Renewable energy developer and operator Alterra Power announced first quarter results. Revenue and EBITDA increased due to lower repair costs and currency fluctuations. Construction continues on its Jimmie Creek run of river hydropower plant in British Colombia.
Two Speculative Clean Energy Penny Stocks for 2014
Geothermal power developer Ram Power reported the results of the stabilization period and performance test of its marquee San Jacinto-Tizate project after an extensive remediation program. In the company's words, the results "did not meet our expectations." The company is "now in technical default of the... loan agreements for failure to achieve a minimum MW output."
I included Ram as a speculative pick on this list because I hoped the remediation program would produce better results. Since it did not, I feel the best course of action is to cash in this lottery ticket rather than taking on a new gamble.

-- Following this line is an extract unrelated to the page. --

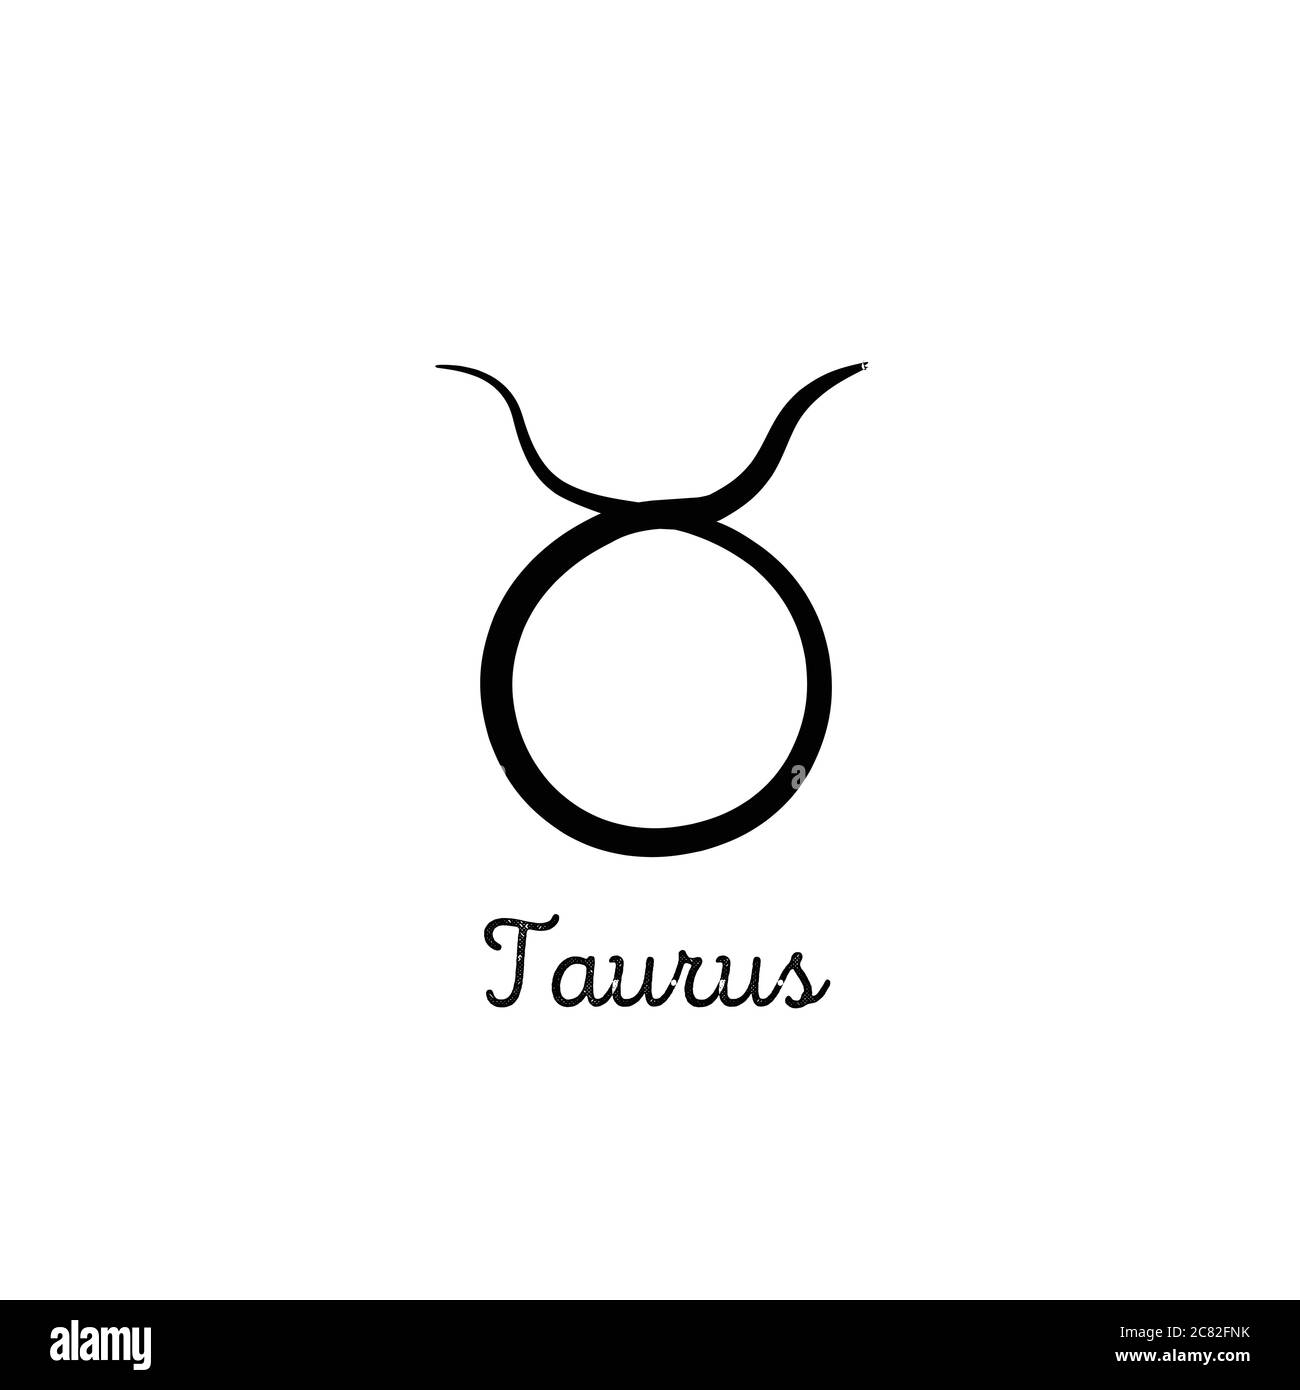 Taurus Tattoo Ideas | POPSUGAR Love & Sex
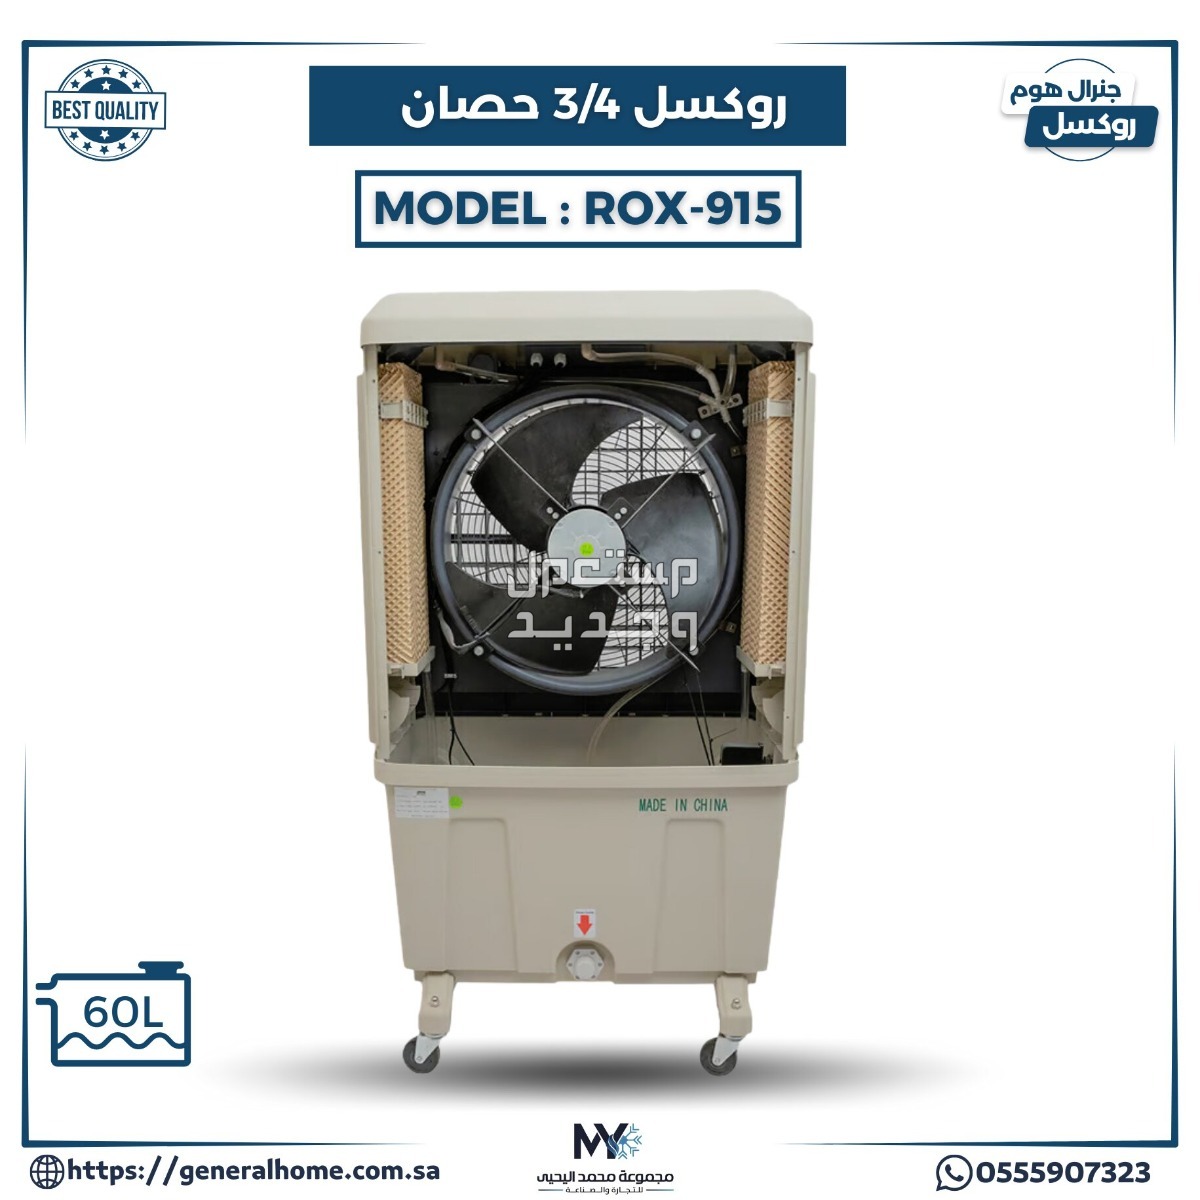 عروض اليحيى للمكيفات بالأنواع والمواصفات والصور والأسعار في ليبيا مكيف روكسل 3/4 حصان موديل ROX-915

The new gamble in question is the hope that, as a reader put it, "potential suitors will bid generously for the company."
That's not a gamble I'm interested in taking, although there is a case to be made for letting the much money ride. At the current price of C$0.035, the market capitalization is only C$13 million (US $11.7 million). The company recently received $6.4 in cash for its Geysers Project from US Geothermal (HTM.) Given the low valuation, it would not be hard to see the stock price multiply if management can capture any value from San Jacinto or Ram's early stage projects.
Shares of wind project developer Finavera gave back some of their gains on a lack of news. Now that the sale of its Meikle wind project to Pattern Energy Group (NASDAQ:PEGI) has closed, investors expected an update on the company's strategic plan last month. This lottery ticket still seems to have a lot more upside than downside, so I continue to wait. But given the repeated delays and disappointments, that business plan will have to be very attractive to persuade me to vote for anything other than a return of the company's capital to shareholders.
Disclosure: Long HASI, PFB, CSE, ACCEL, NFI, PRI, AMRC, MIXT, PW, AXY, FVR, PEGI. Short PEGI calls.
Disclaimer: Past performance is not a guarantee or a reliable indicator of future results. This article contains the current opinions of the author and such opinions are subject to change without notice. This article has been distributed for informational purposes only. Forecasts, estimates, and certain information contained herein should not be considered as investment advice or a recommendation of any particular security, strategy or investment product. Information contained herein has been obtained from sources believed to be reliable, but not guaranteed.
Editor's Note: This article covers one or more stocks trading at less than $1 per share and/or with less than a $100 million market cap. Please be aware of the risks associated with these stocks.